Using the records below, copy exactly the part that opens with the line holding "山羊也不落下!山东蓝天救援队在郑州新密市一村庄救下了这些生命财产" and closes with the line holding "Guerra Fría Bombardero", minus the pictures.

DATA PROVIDED
^^^^^^^^

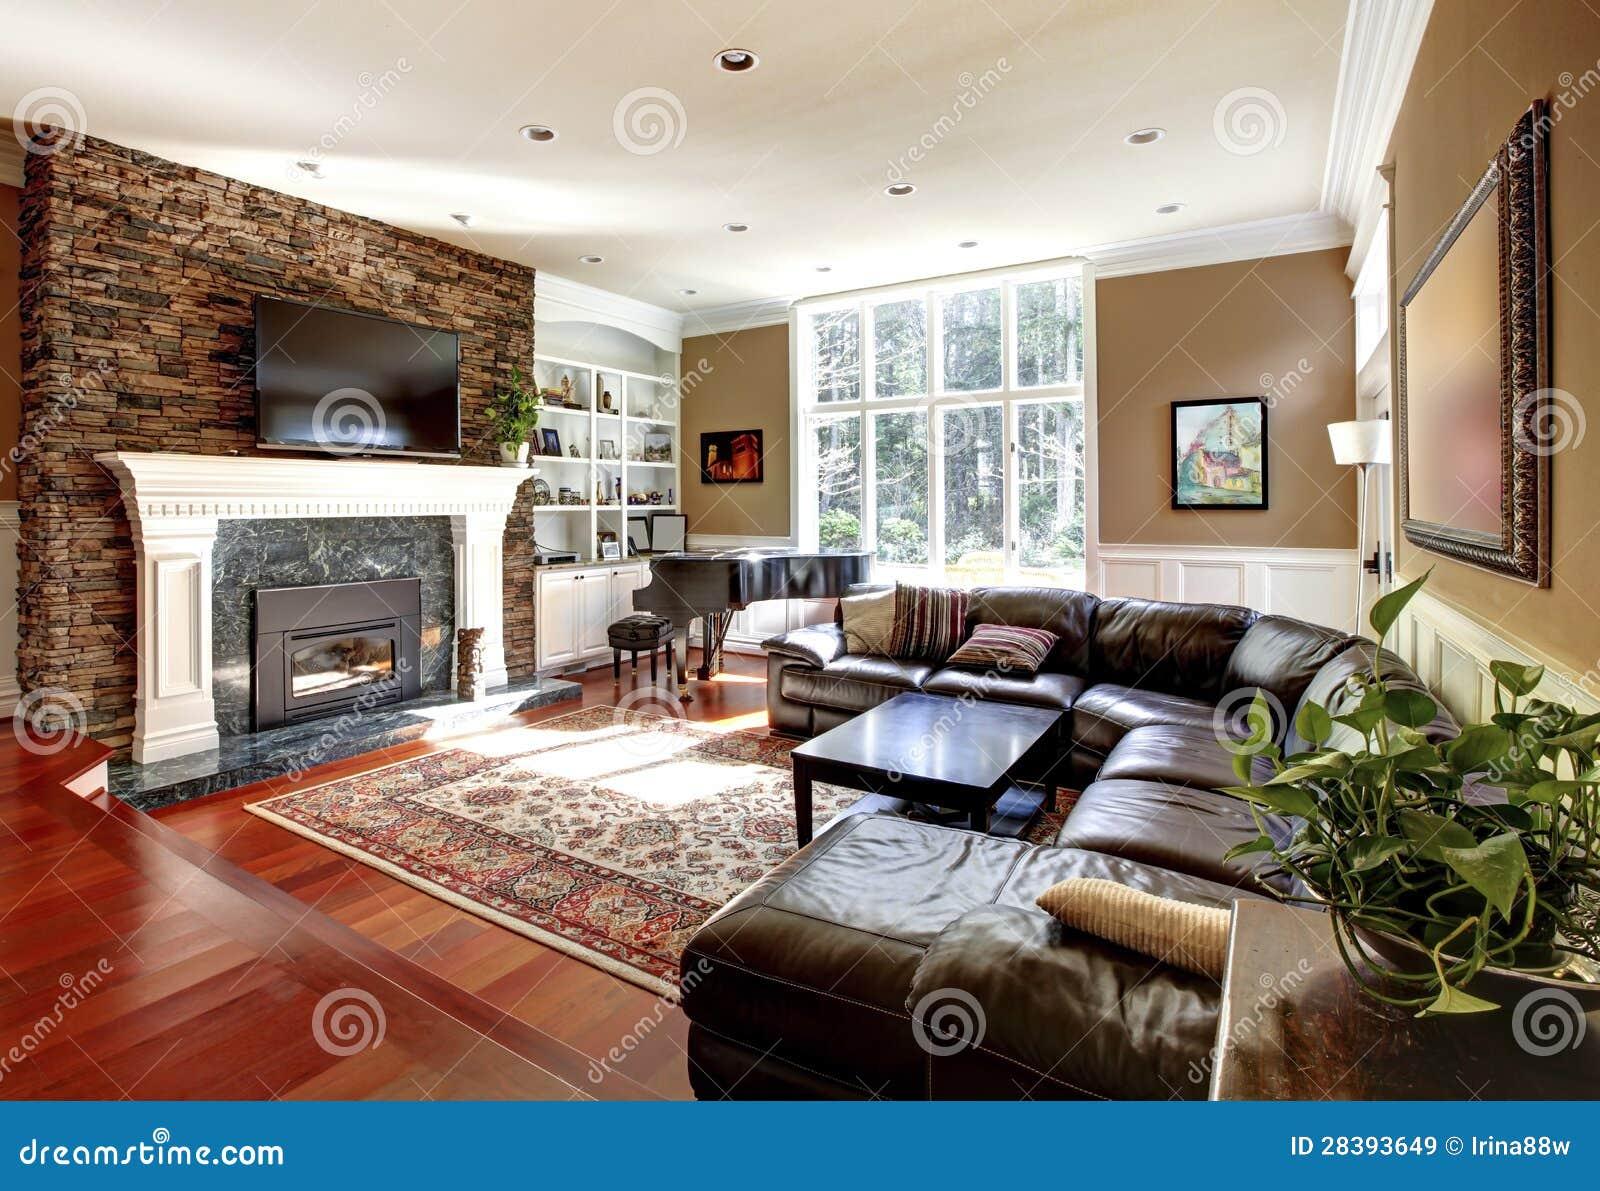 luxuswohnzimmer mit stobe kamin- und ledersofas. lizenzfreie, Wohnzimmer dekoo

^^^^^^^^

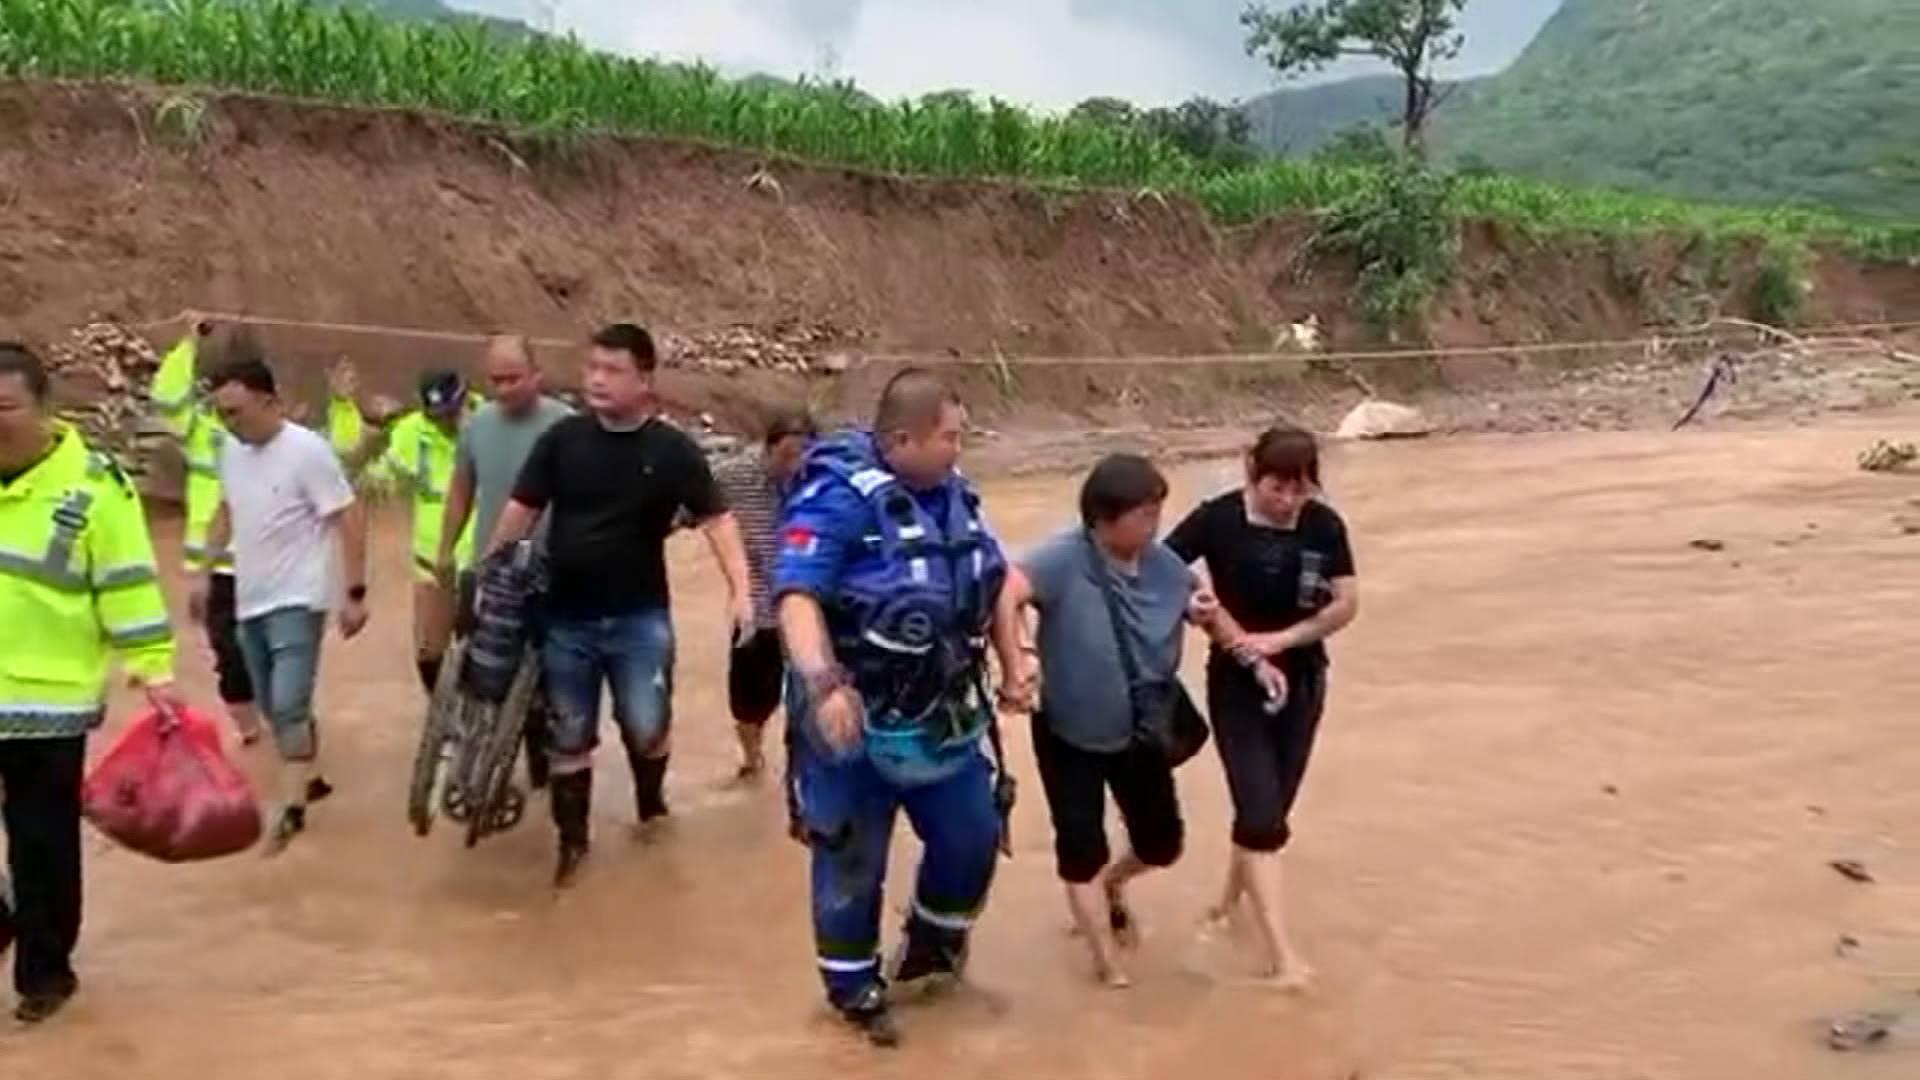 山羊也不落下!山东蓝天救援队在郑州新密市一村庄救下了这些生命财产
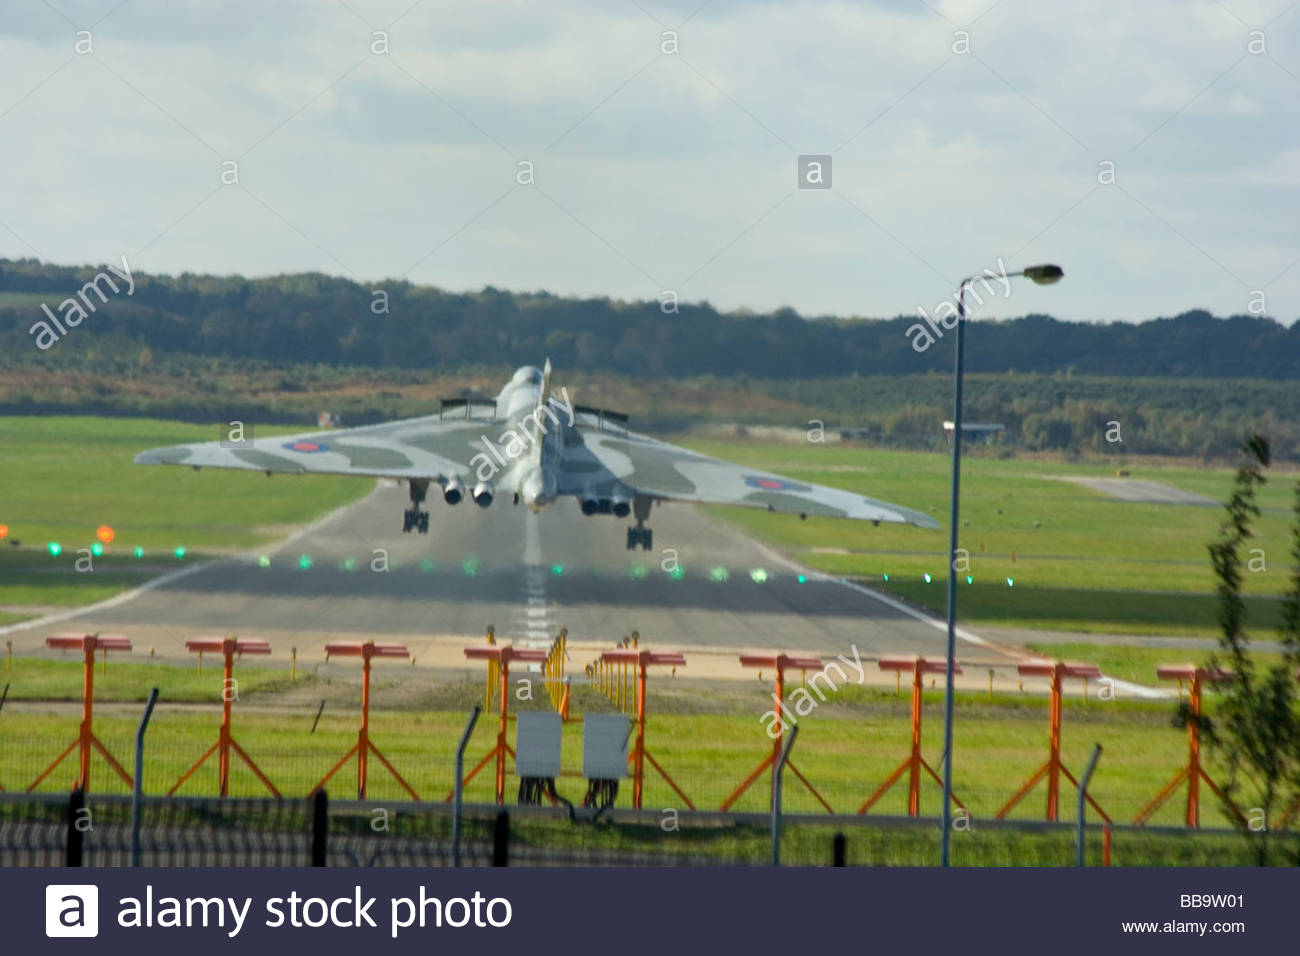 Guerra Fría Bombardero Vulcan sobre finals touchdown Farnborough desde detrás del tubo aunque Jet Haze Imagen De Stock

^^^^^^^^

SOLUTION TO THIS PROBLEM
 山羊也不落下!山东蓝天救援队在郑州新密市一村庄救下了这些生命财产
 Guerra Fría Bombardero Vulcan sobre finals touchdown Farnborough desde detrás del tubo aunque Jet Haze Imagen De Stock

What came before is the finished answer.